In three cases, patients taking stable doses of lithium for bipolar disorder experienced increased lithium levels after starting semaglutide, leading to toxicity in two cases despite unchanged kidney function and medications. In the third case, reducing the lithium dose beforehand helped avoid toxicity, though levels still rose higher than expected. The possible reasons for these changes include effects on kidney function, dehydration from reduced eating or digestive issues, or slower stomach emptying.

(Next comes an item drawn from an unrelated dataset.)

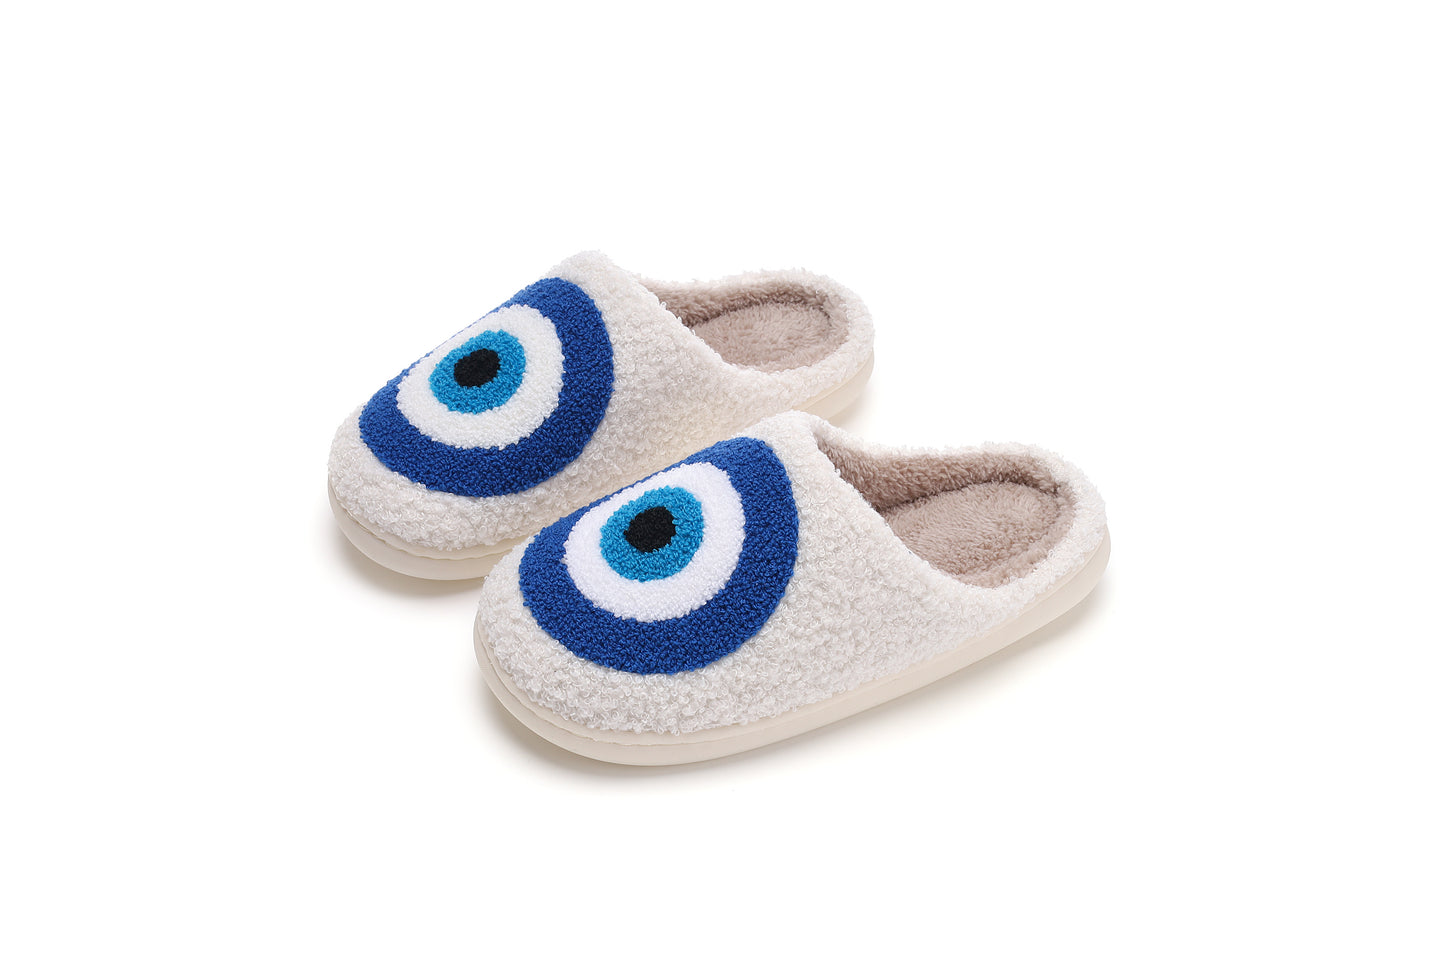 Blue Evileye Illustrated Comfort Cozy Plush Fluffy Fur Slip On Cushion Slippers

AI summary of the abstract below.

JournalJ Clin Psychopharmacol, 2025
Citations2
Molecules semaglutide
Conditions studied Bipolar Disorder

Abstract

BACKGROUND: Lithium is a mainstay treatment for bipolar disorder, but its narrow therapeutic index and susceptibility to pharmacokinetic interactions make appropriate monitoring crucial. Glucagon-like peptide-1 receptor agonists (GLP-1 RAs), such as semaglutide, are increasingly prescribed for type 2 diabetes and weight management. Scarce evidence exists on the potential interaction between semaglutide and lithium. METHODS: We present 3 cases involving patients on stable lithium regimens who were initiated on semaglutide, reviewing potential mechanisms underlying the interaction between them. FINDINGS: In 2 cases, lithium levels increased significantly, leading to toxicity despite stable renal function and no changes in concurrent medications. In the third case, preemptive reductions in lithium dosage mitigated toxicity, although lithium levels remained higher than anticipated. Mechanistic hypotheses that might contribute to semaglutide-associated elevated lithium levels include altered kidney function, dehydration from reduced oral intake, vomiting, or diarrhea, and delayed gastric emptying. CONCLUSIONS: To our knowledge, this is one of the first documented case series describing a potential interaction between semaglutide and lithium in the medical literature. These cases underscore the importance of vigilant monitoring when combining lithium with semaglutide, and potentially other GLP-1 RAs. Baseline renal function, hydration status, and lithium levels should be assessed before initiating semaglutide, and lithium levels should be monitored more frequently during therapy. Clinicians prescribing semaglutide to patients on lithium should exercise caution, monitor for signs of toxicity, and provide appropriate patient education. Further research is needed to elucidate the mechanisms of this potential interaction and its clinical significance.